Breakfast

Fresh raspberries with cream Boiled eggs Dry toast Coffee

Luncheon

Yarmouth bloaters in oil Poached eggs, Talleyrand Fricandeau of veal, au jus Sorrel          Mashed potatoes

Pont l'eveque cheese and crackers Coffee

Dinner

Potage Saxe

Lyon sausages and radishes Curried crab

Sirloin steak, Dickinson          Souffle potatoes

Cauliflower au gratin Hearts of romaine, roquefort dressing Vanilla and chocolate ice cream Assorted cakes Coffee

Yarmouth bloaters in Oil Skin and split four Yarmouth bloaters, and remove the bones. Lay them in an earthen pot, add the juice of one lemon, one-half cup of olive oil, four bay leaves, two cloves and one spoonful of whole black peppers. Allow to stand for twenty-four hours. Serve on lettuce leaves with a little of its juice.

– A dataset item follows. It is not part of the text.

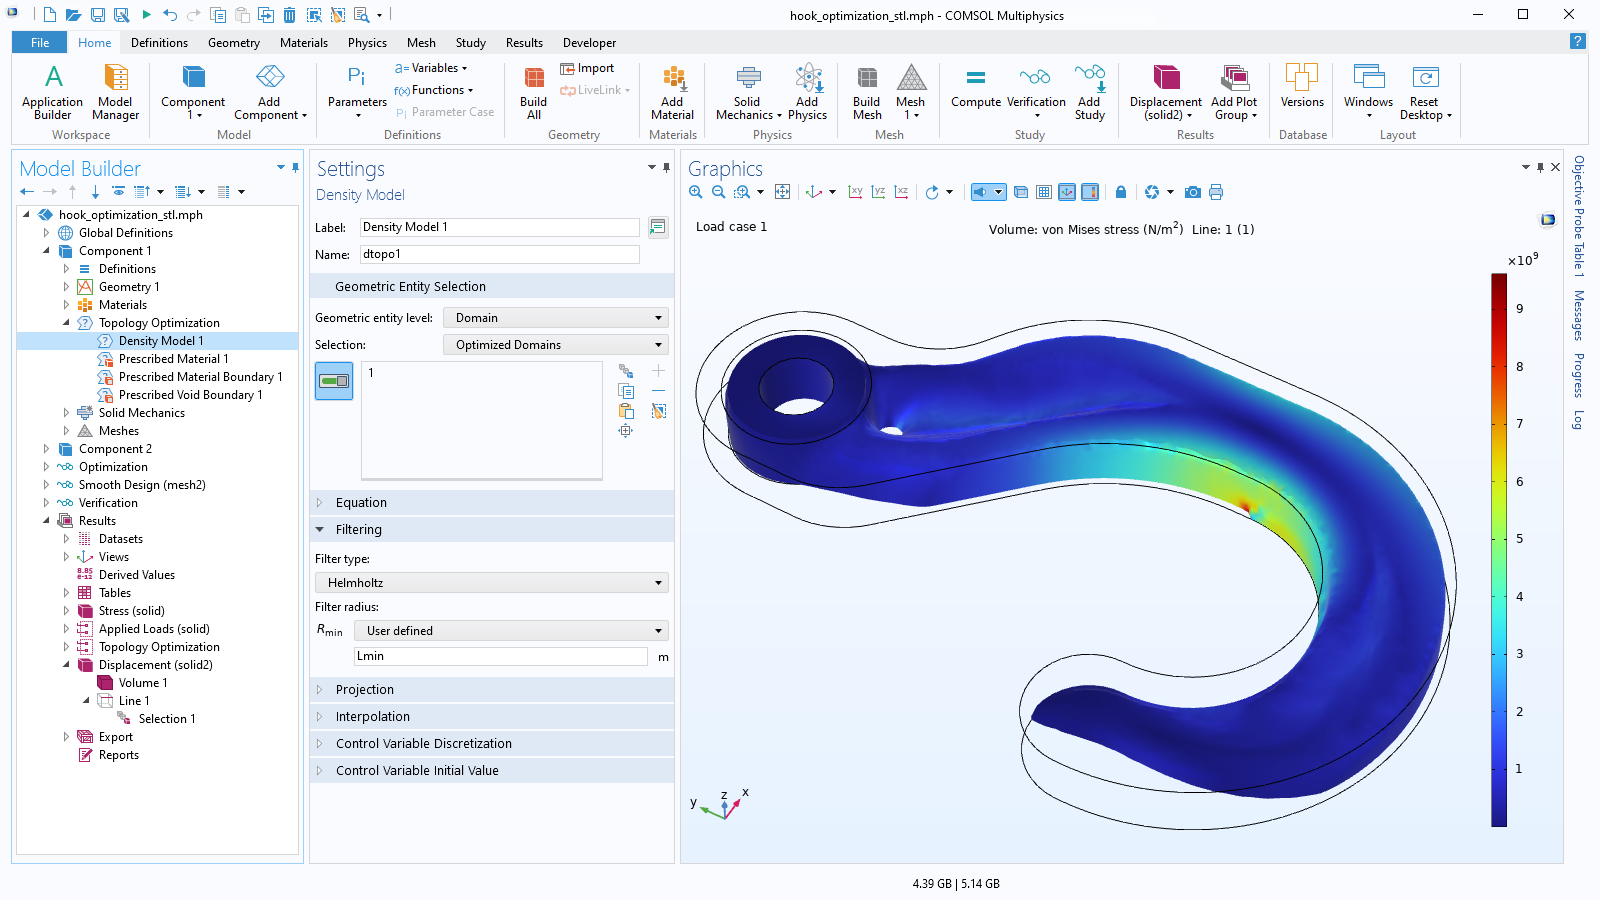 The COMSOL Multiphysics UI showing the Model Builder with the Density Model node highlighted, the corresponding Settings window, and an optimized hook model in the Graphics window.

Poached eggs, Talleyrand. On four round pieces of toast spread some foie gras, lay a poached egg on top of each piece, and cover with sauce Peri-gueux.

Fricandeau of veal, au jus. Obtain from the butcher the nut of a leg of veal and lard it with thin strips of larding pork. Put in a saute pan a sliced onion and carrot, some parsley in branches, one bay leaf, one clove, and six pepper berries. Place the veal on top, season with salt and pepper, put three ounces of butter on top of all, and roast in a hot oven, basting frequently. Add a little water when necessary, so the vegetables will not burn. It will require from fifty minutes to one hour to cook. When done place the fricandeau on a platter, and boil the gravy; if necessary add a little stock or bouillon, season well, and strain over the veal.

Potage Saxe. To two quarts of boiling consomme add the bread crumbs made from a small loaf of bread, two beaten eggs, and some chopped chervil. Stir well, boil and serve.

Sirloin steak, Dickinson. Broil a steak and place on a platter. Parboil six slices of beef marrow in salt water, and lay on top of the steak. Heat a pimento, cut in triangles, and place on top of the marrow. Cover all with sauce Colbert with sliced truffle in it.

Curried crab. Cut the crab meat into small pieces. Put in a frying pan a piece of butter the size of an egg, and a teaspoonful of chopped onion or shallot, and fry until golden brown. Add a heaping teaspoonful of flour and a small teaspoonful of curry powder, and stir into the butter and onion until thoroughly mixed. Add a cup of hot soup stock and a cup of cream, and boil for three minutes. Then add the crab meat and simmer slowly for about five minutes. Serve with boiled rice.

Spaghetti Caruso. Boil a pound of whole spaghetti in salt water. Soak one pound of dried mushrooms over night. Heat in a casserole two ounces of butter, add a chopped shallot and a little garlic. When hot add the mushrooms and three peeled and cut up tomatoes, and simmer for five minutes. Then add the cooked spaghetti and two cups of grated parmesan cheese, season with salt and white pepper, and serve very hot.